Your assignment
Copy everything in the data below exactly except the pictures.

Data below

*** Block opens ***

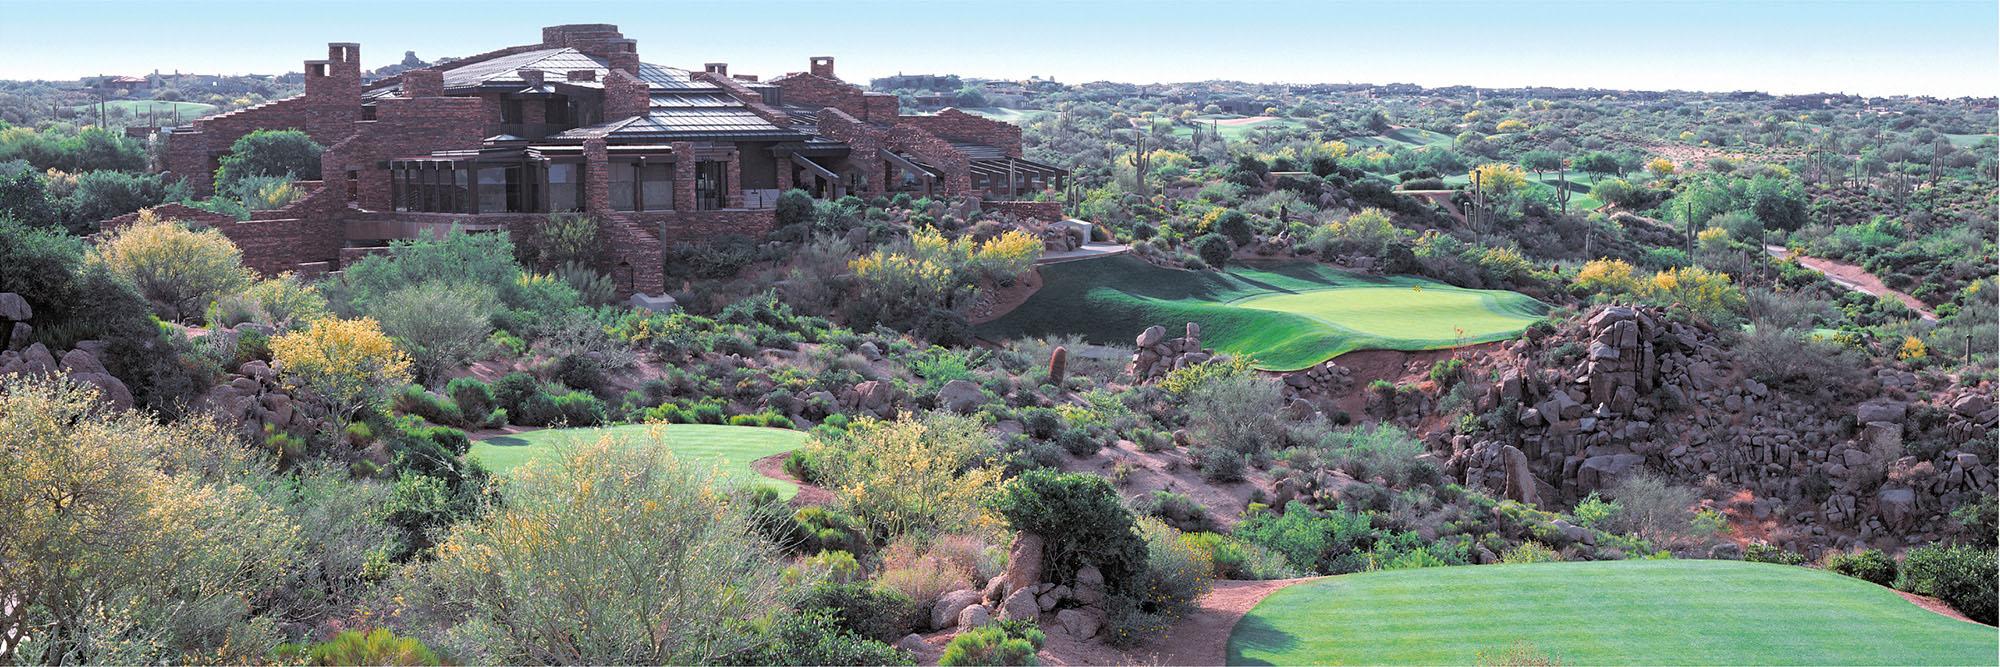 Golf Course Image - Desert Mountain Geronimo No. 18
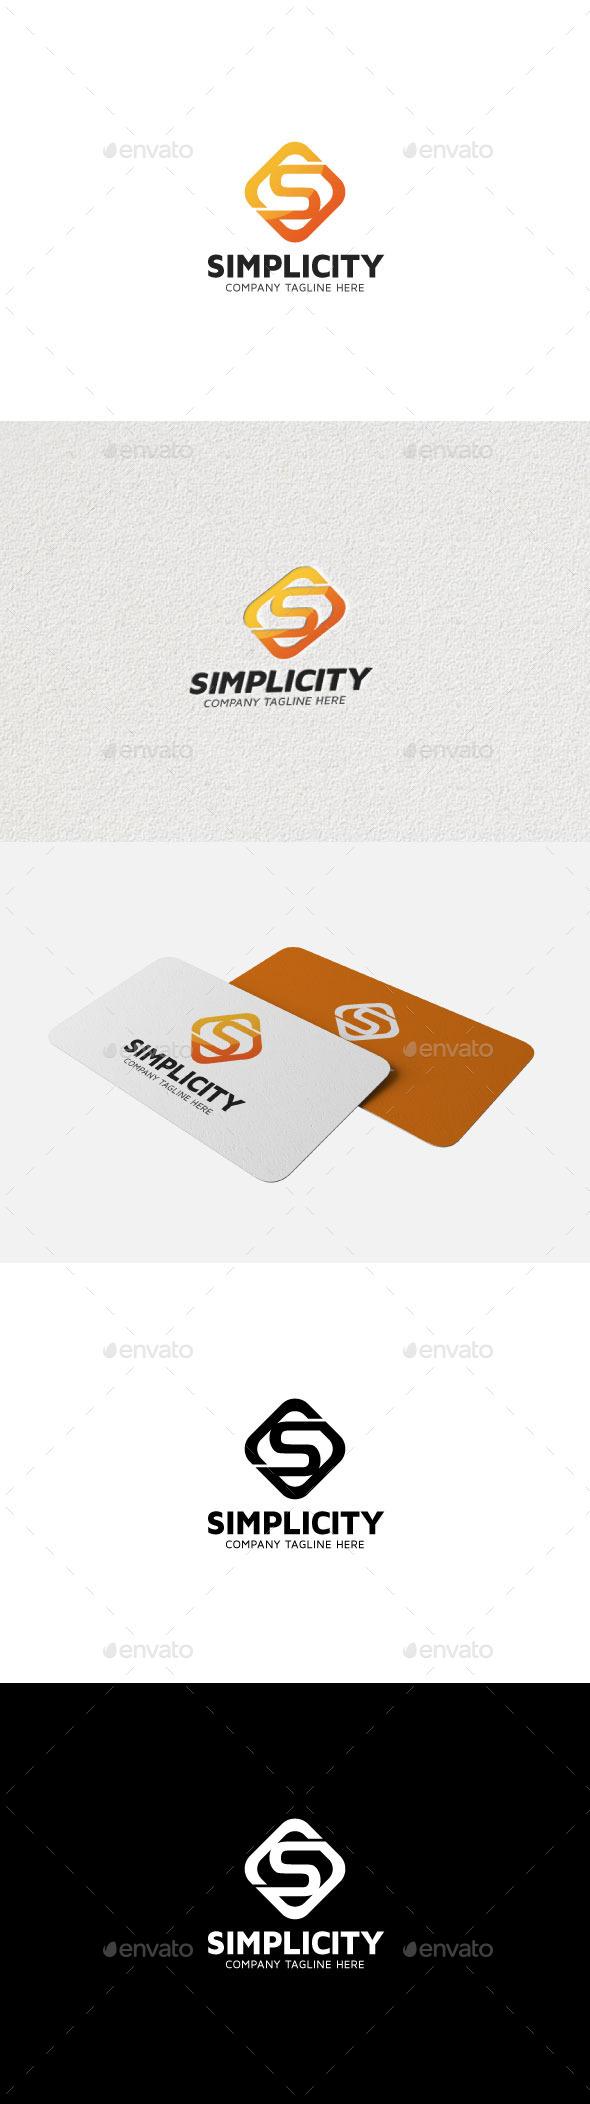 GraphicRiver Simplicity 8803799
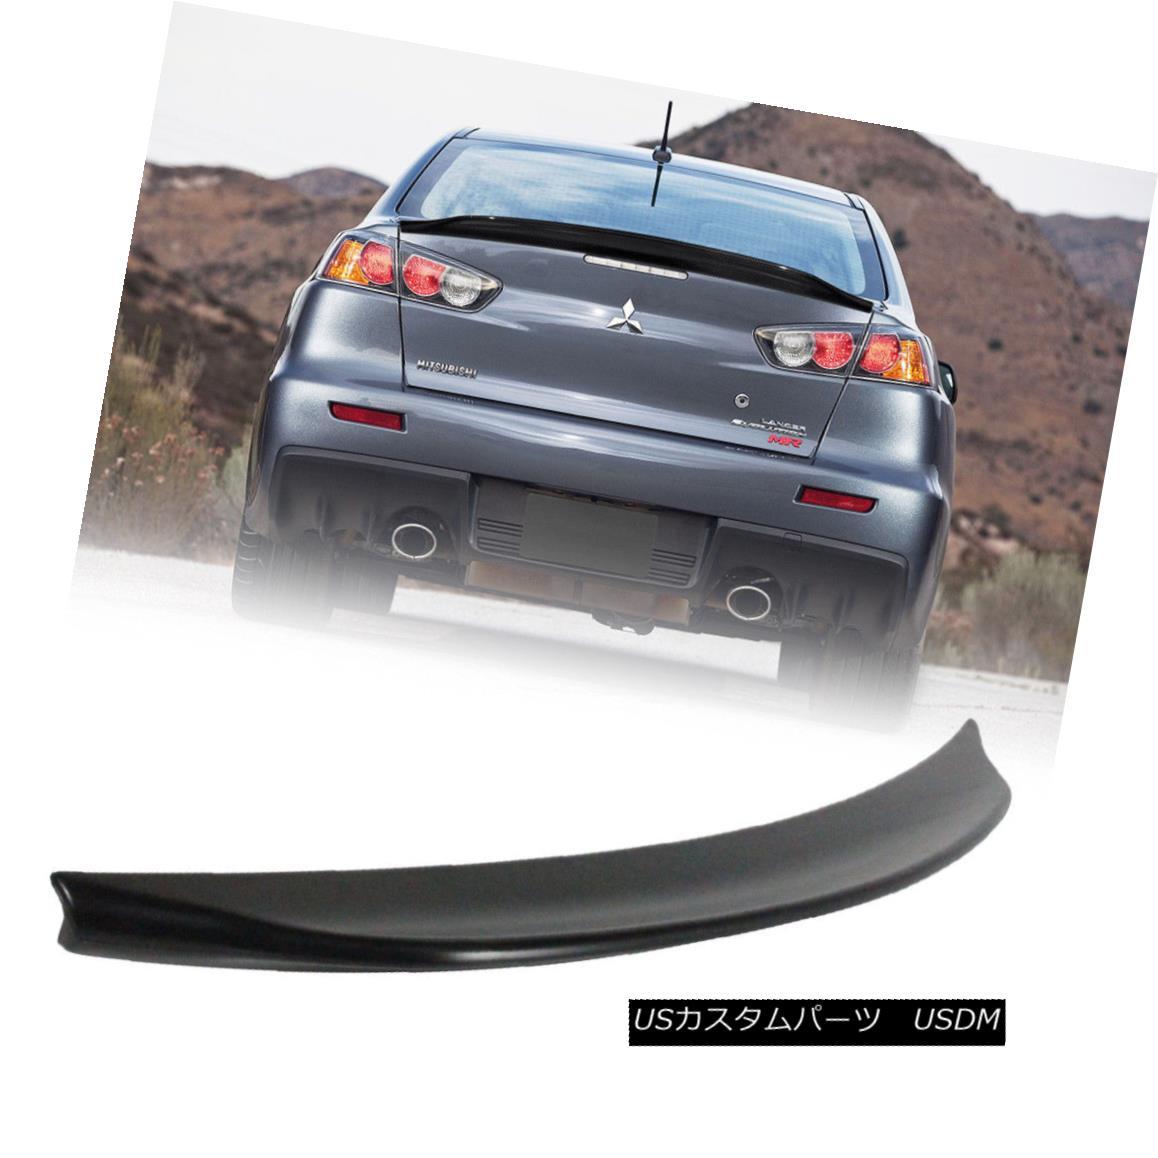 エアロパーツ 08-15 For Mitsubishi Lancer Evolution EVO X RS Style Trunk Spoiler Unpaint ABS 08-15三菱ランサーエボリューションEVO X RSスタイルトランクスポイラー無塗装ABS
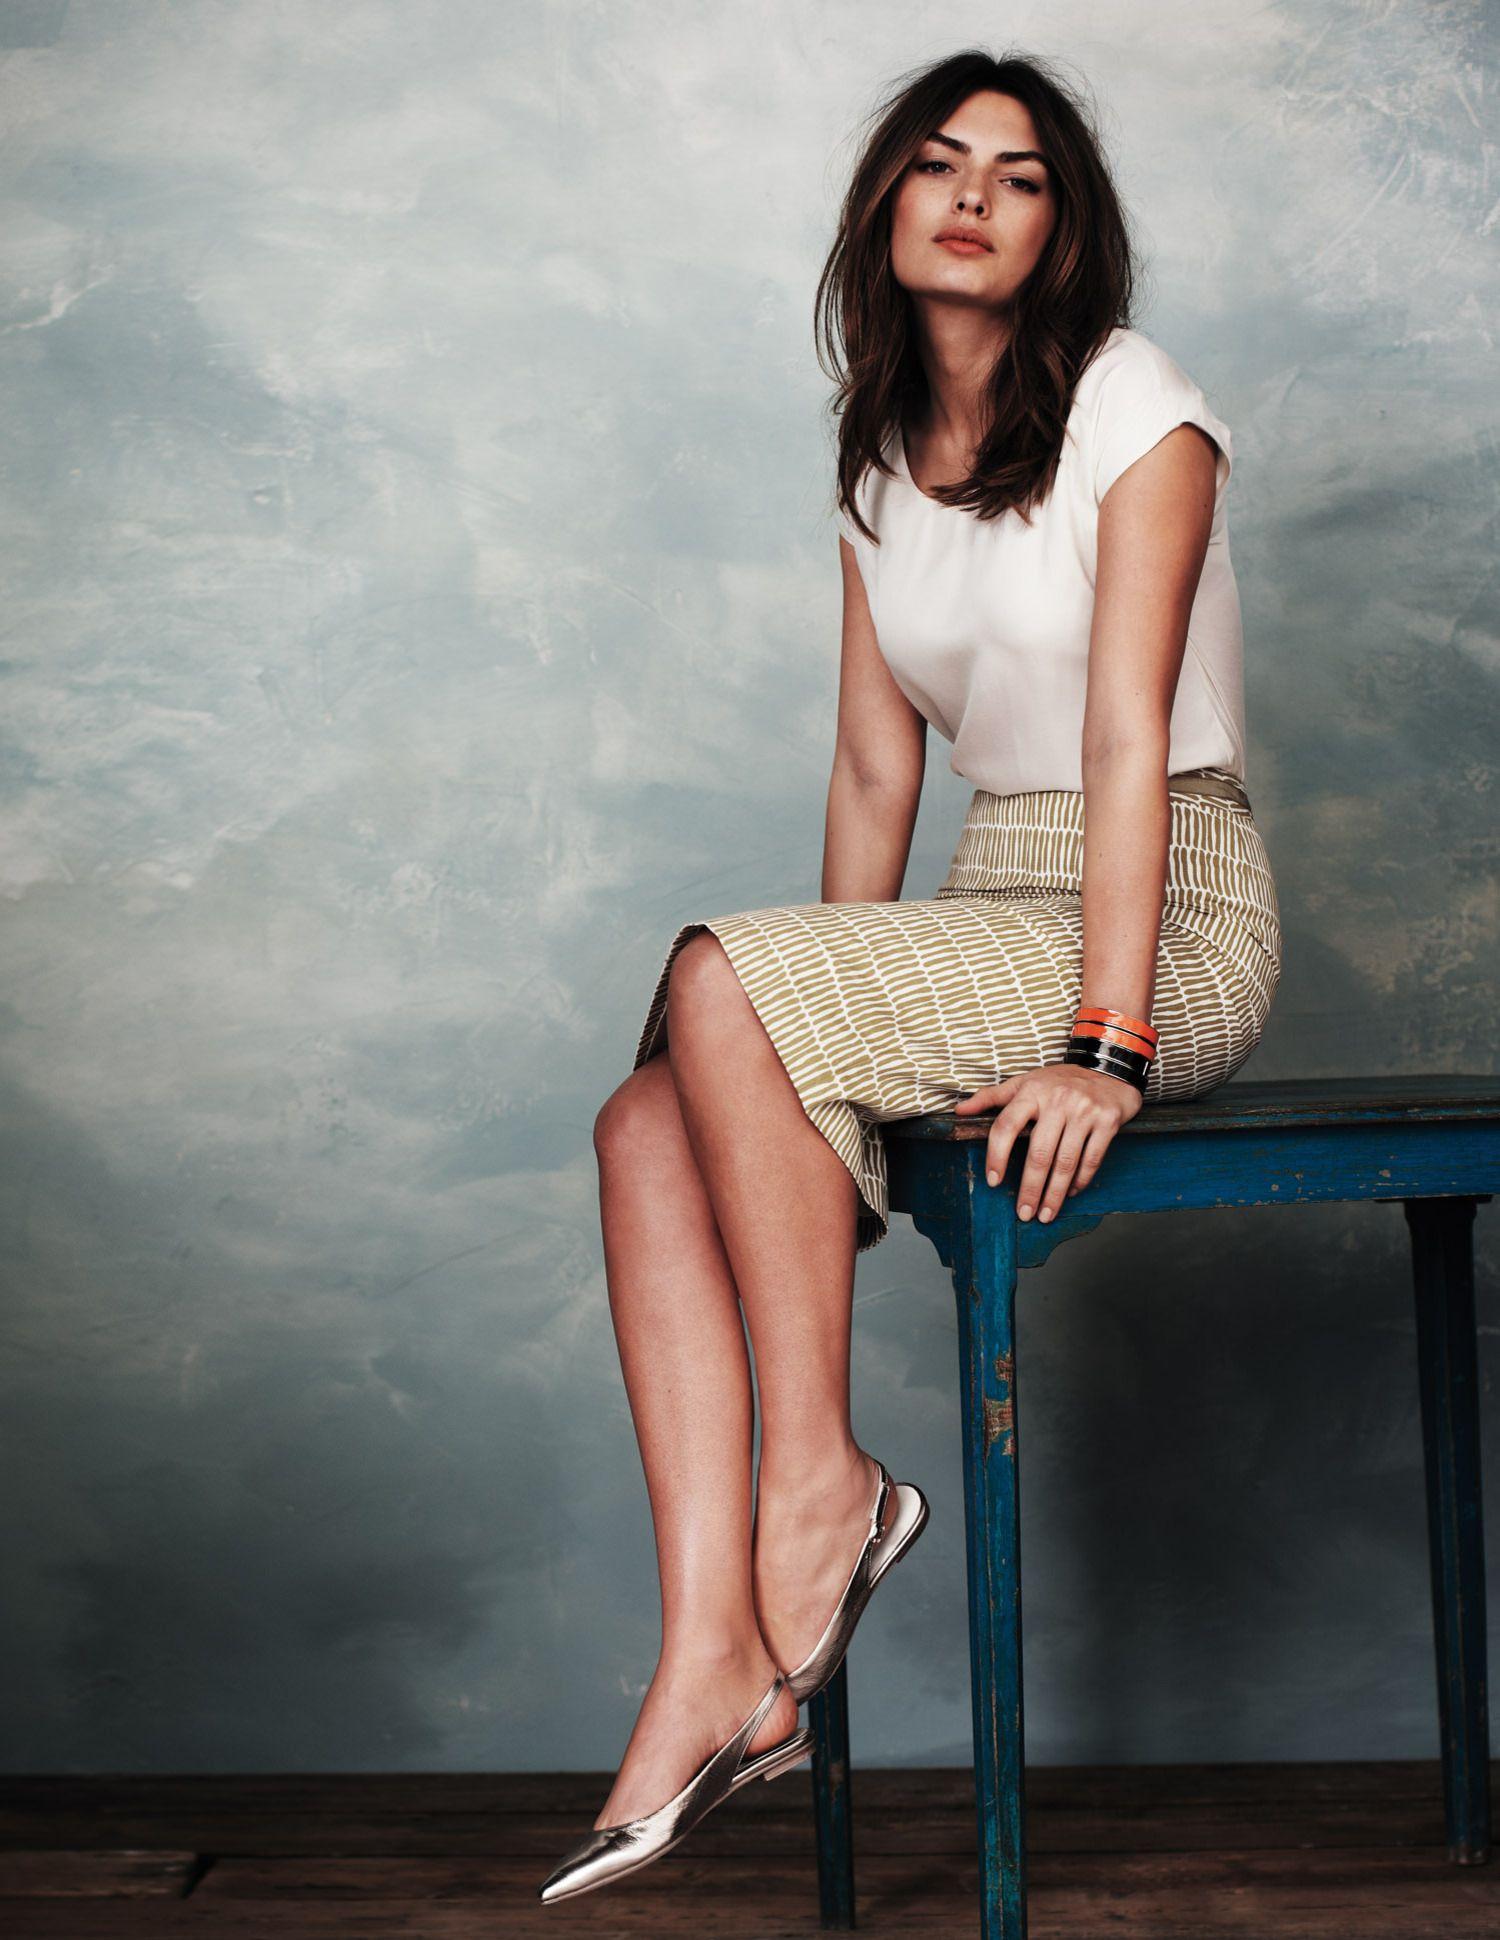 b178f6f652 Classic white silk shell , plaid pencil skirt & silver flat pointy  slingbacks. ❦ ℒℴvℯ.

*** Block closes ***

Task output
 Golf Course Image - Desert Mountain Geronimo No. 18
 GraphicRiver Simplicity 8803799
 エアロパーツ 08-15 For Mitsubishi Lancer Evolution EVO X RS Style Trunk Spoiler Unpaint ABS 08-15三菱ランサーエボリューションEVO X RSスタイルトランクスポイラー無塗装ABS
 b178f6f652 Classic white silk shell , plaid pencil skirt & silver flat pointy  slingbacks. ❦ ℒℴvℯ.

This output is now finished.